The highest court in the land was asked to find that such a charge was unenforceable as a “penalty” as the amount did not amount to a genuine assessment of the loss that the defendant would have suffered by the claimant’s overstay. Indeed, the parking company would suffer no loss by Mr Beavis not returning to his car on time. ParkingEye argued that the charge was for commercial reasons: to make sure that the car park was not clogged up so that customers would be able to go to the nearby retail park and buy goods.

In the event, the Supreme Court decided that the appropriate test as to whether a charge was a penalty was not whether it reflected the actual direct loss to the party claiming it; the appropriate test now is whether there is a commercial justification. The court will intervene if the charge is unconscionable and excessive, but only once commercial (and social) factors are taken into account.
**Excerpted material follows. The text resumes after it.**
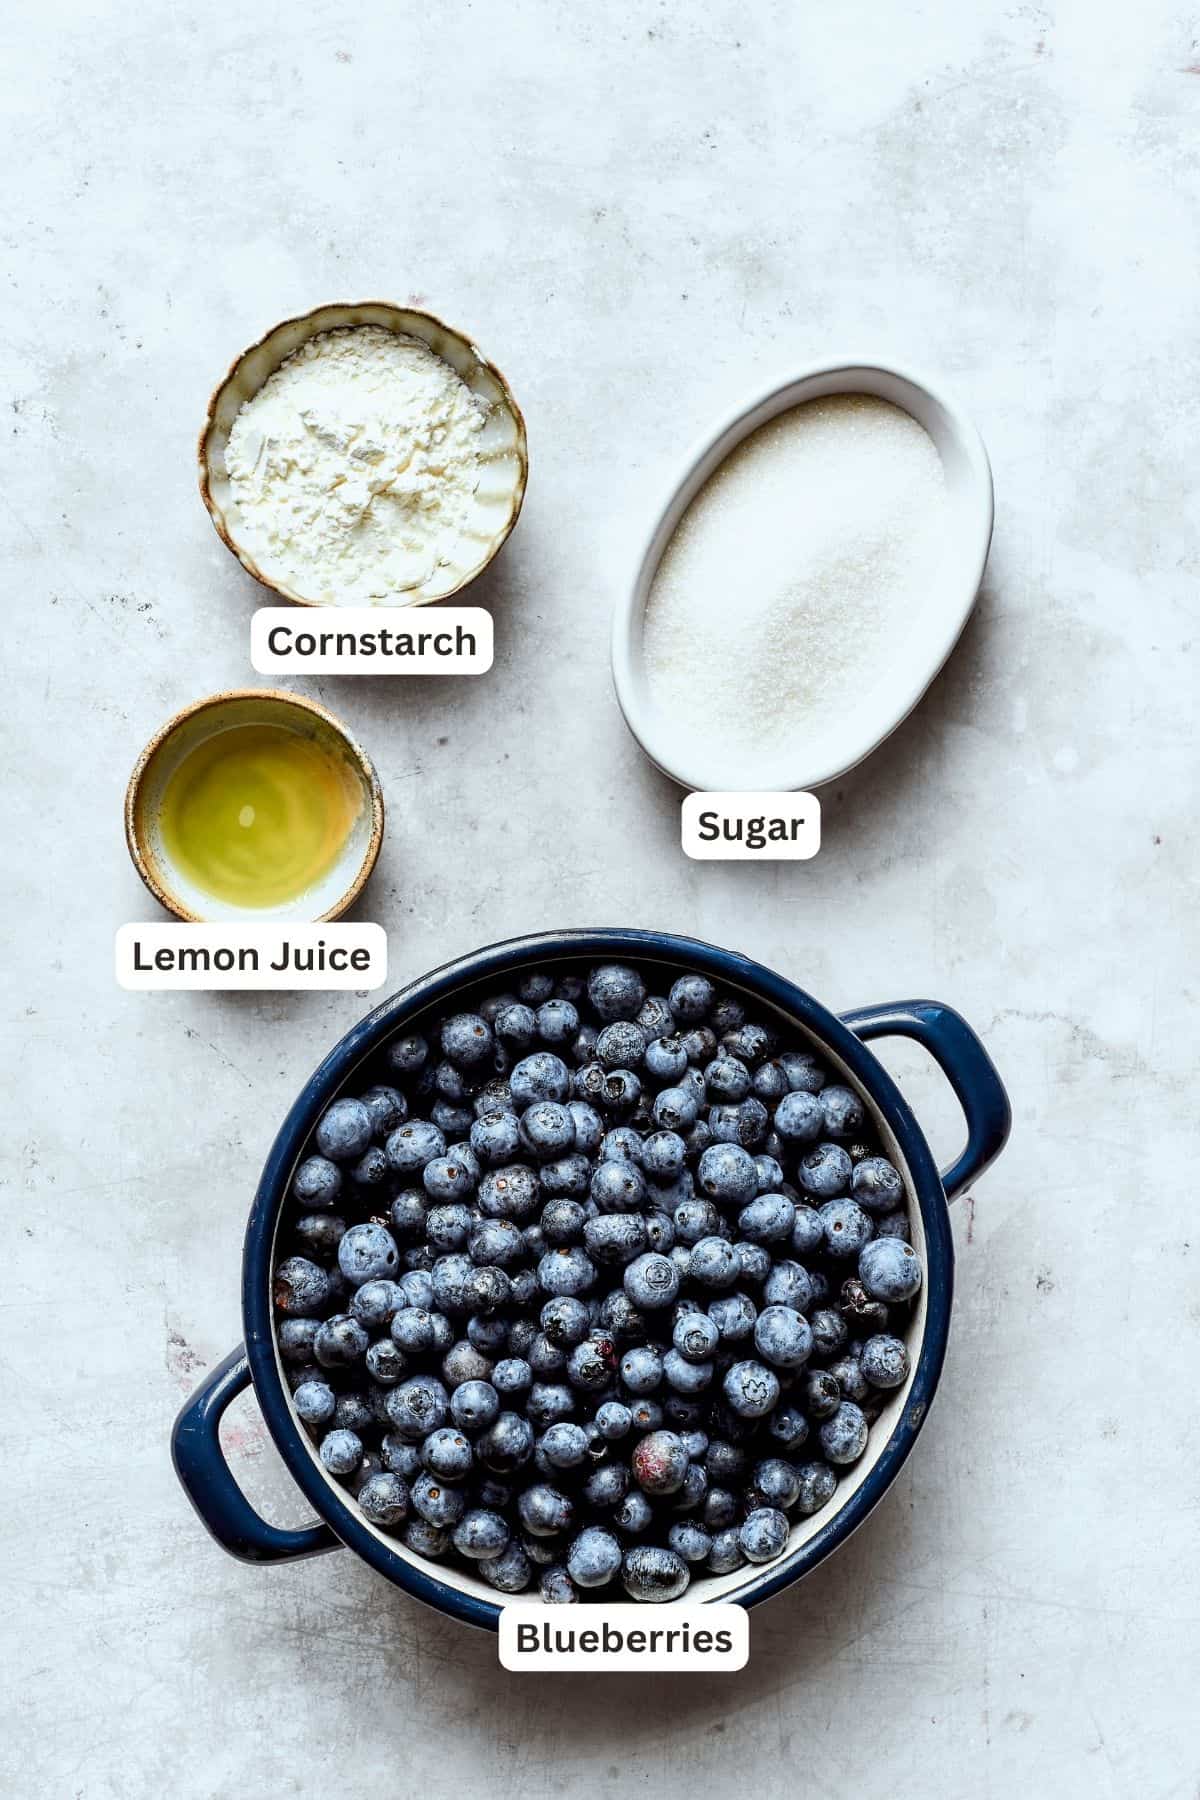 Ingredients for blueberry crisp filling are labeled and portioned: cornstarch, sugar, blueberries, lemon juice.
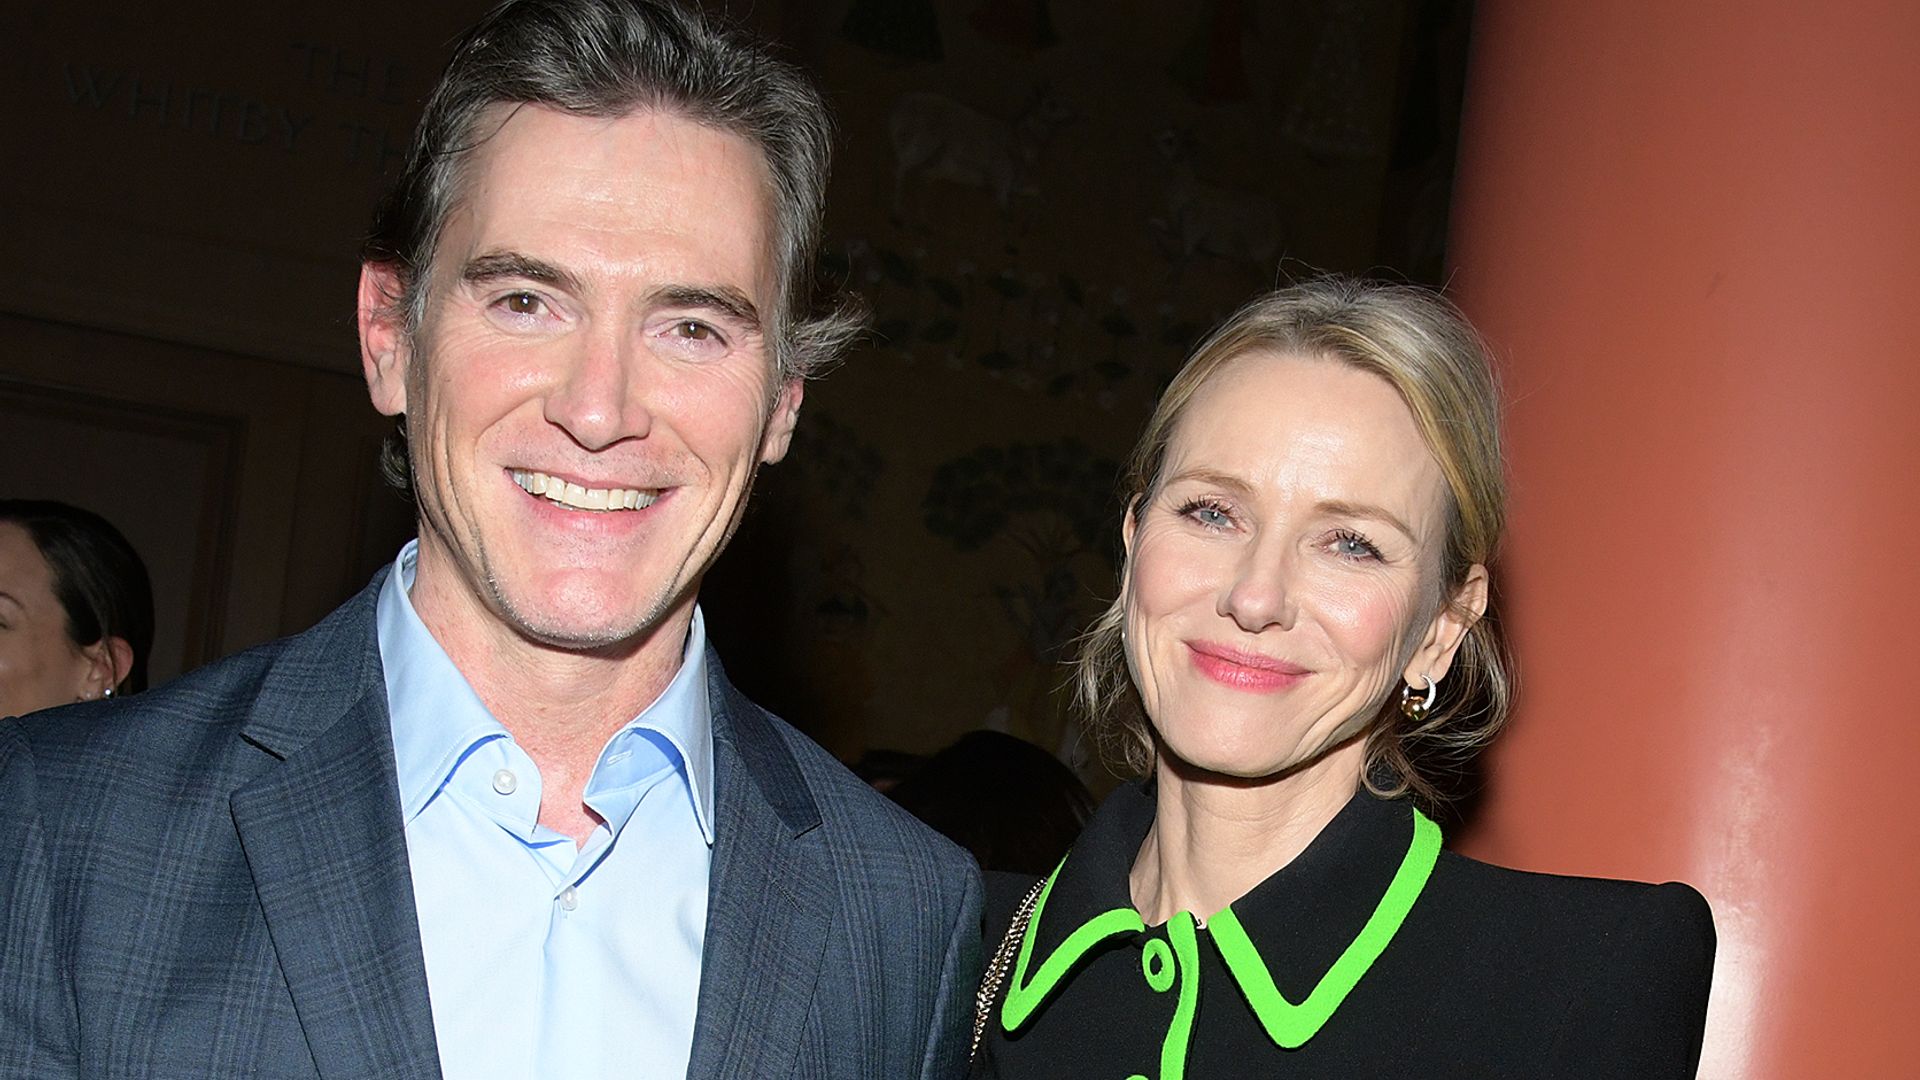 Billy Crudup and Naomi Watts at the premiere of "Hello Tomorrow" held at The Whitby Hotel on February 15, 2023 in New York City. (Photo by Kristina Bumphrey/Variety via Getty Images

It had long been recognised that the termination charges imposed by factoring companies at the end of a facility would often amount to a penalty. For example, charging 10% of the value of the outstanding invoices would rarely be justified as a “genuine pre-estimate” of the likely cost to the factoring company of undertaking the collect-out. The “new” test of commercial necessity may prove more problematic to directors or insolvency practitioners in challenging the termination fee. That said, the onus will be on the factor to establish sound commercial reasons over and above a “finger in the air” approach. Watch this space.